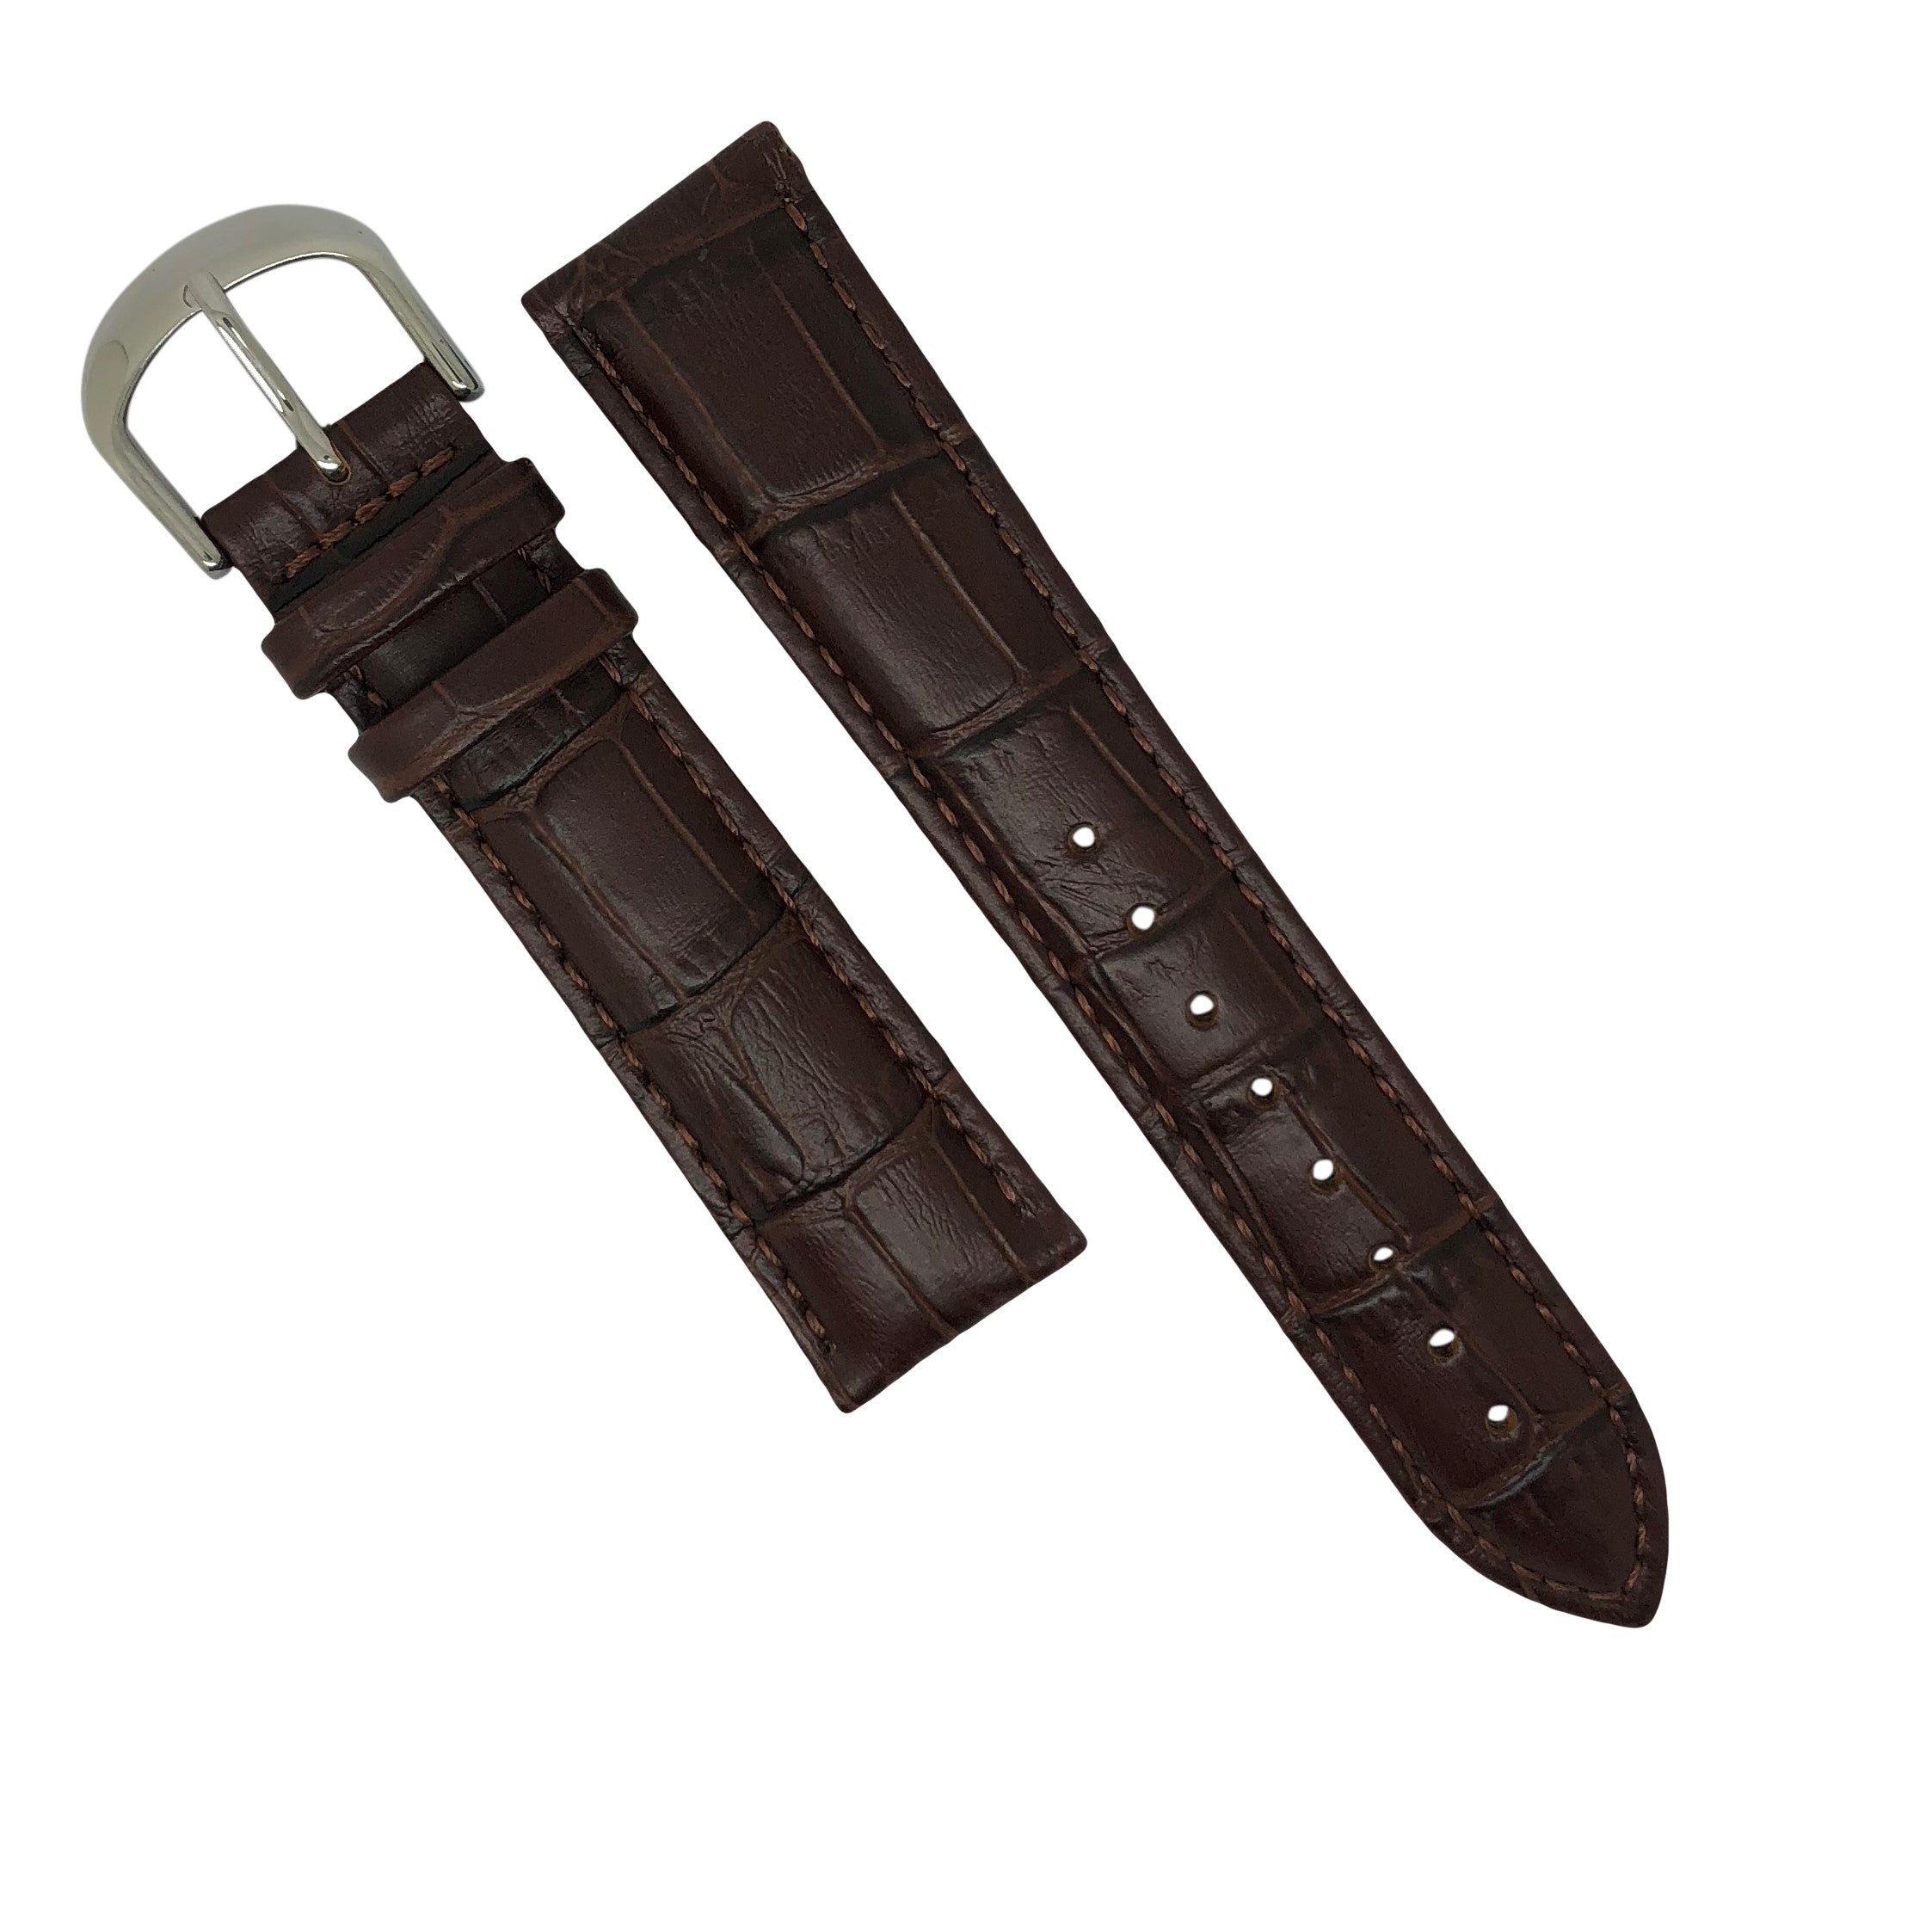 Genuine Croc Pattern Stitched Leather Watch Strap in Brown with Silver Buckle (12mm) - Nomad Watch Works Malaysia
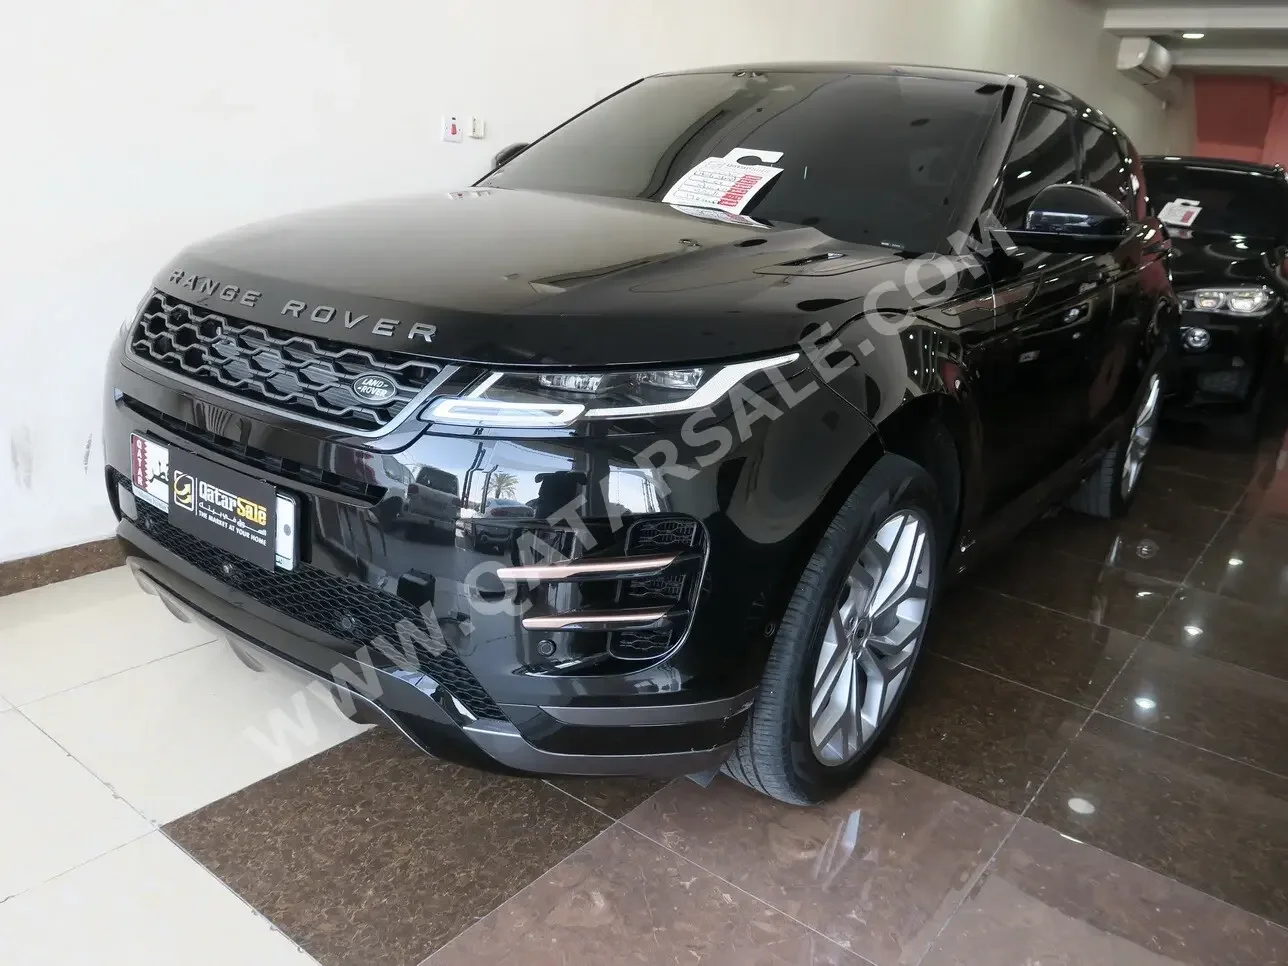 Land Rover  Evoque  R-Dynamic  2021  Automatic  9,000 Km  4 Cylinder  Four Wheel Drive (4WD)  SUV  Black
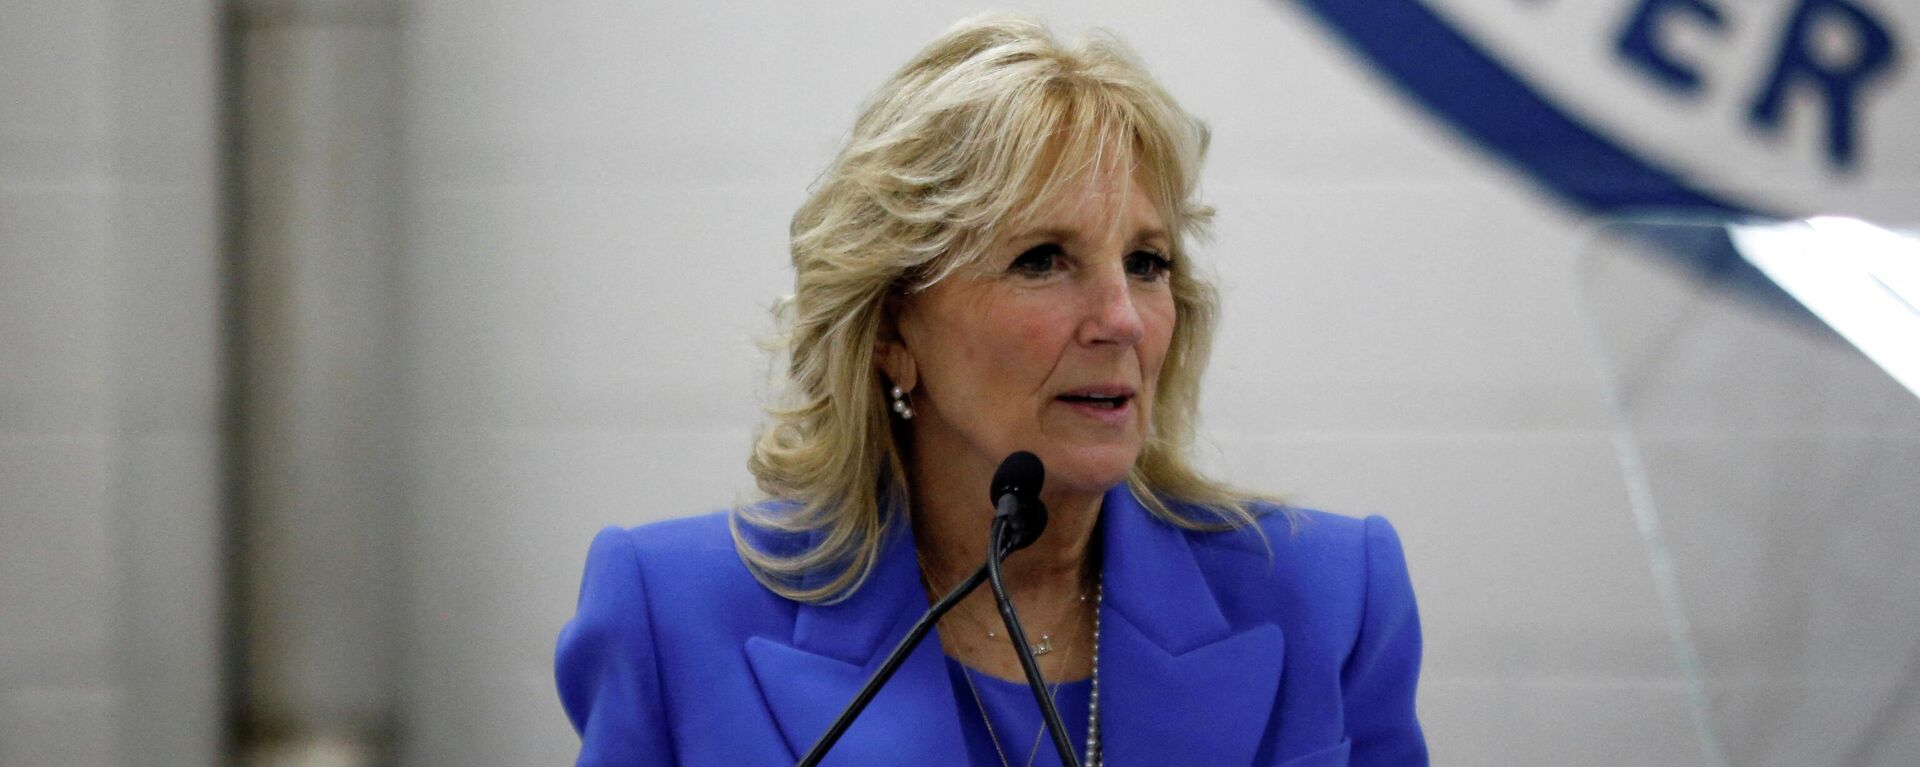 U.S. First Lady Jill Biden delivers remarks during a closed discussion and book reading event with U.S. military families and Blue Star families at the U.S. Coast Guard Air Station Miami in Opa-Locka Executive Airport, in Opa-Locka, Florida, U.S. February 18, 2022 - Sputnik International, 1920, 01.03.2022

Prompt: Please copy out the material above exactly, with the images removed.

Completed task:
 Genuine Croc Pattern Stitched Leather Watch Strap in Brown with Silver Buckle (12mm) - Nomad Watch Works Malaysia
 Land Rover  Evoque  R-Dynamic  2021  Automatic  9,000 Km  4 Cylinder  Four Wheel Drive (4WD)  SUV  Black
 U.S. First Lady Jill Biden delivers remarks during a closed discussion and book reading event with U.S. military families and Blue Star families at the U.S. Coast Guard Air Station Miami in Opa-Locka Executive Airport, in Opa-Locka, Florida, U.S. February 18, 2022 - Sputnik International, 1920, 01.03.2022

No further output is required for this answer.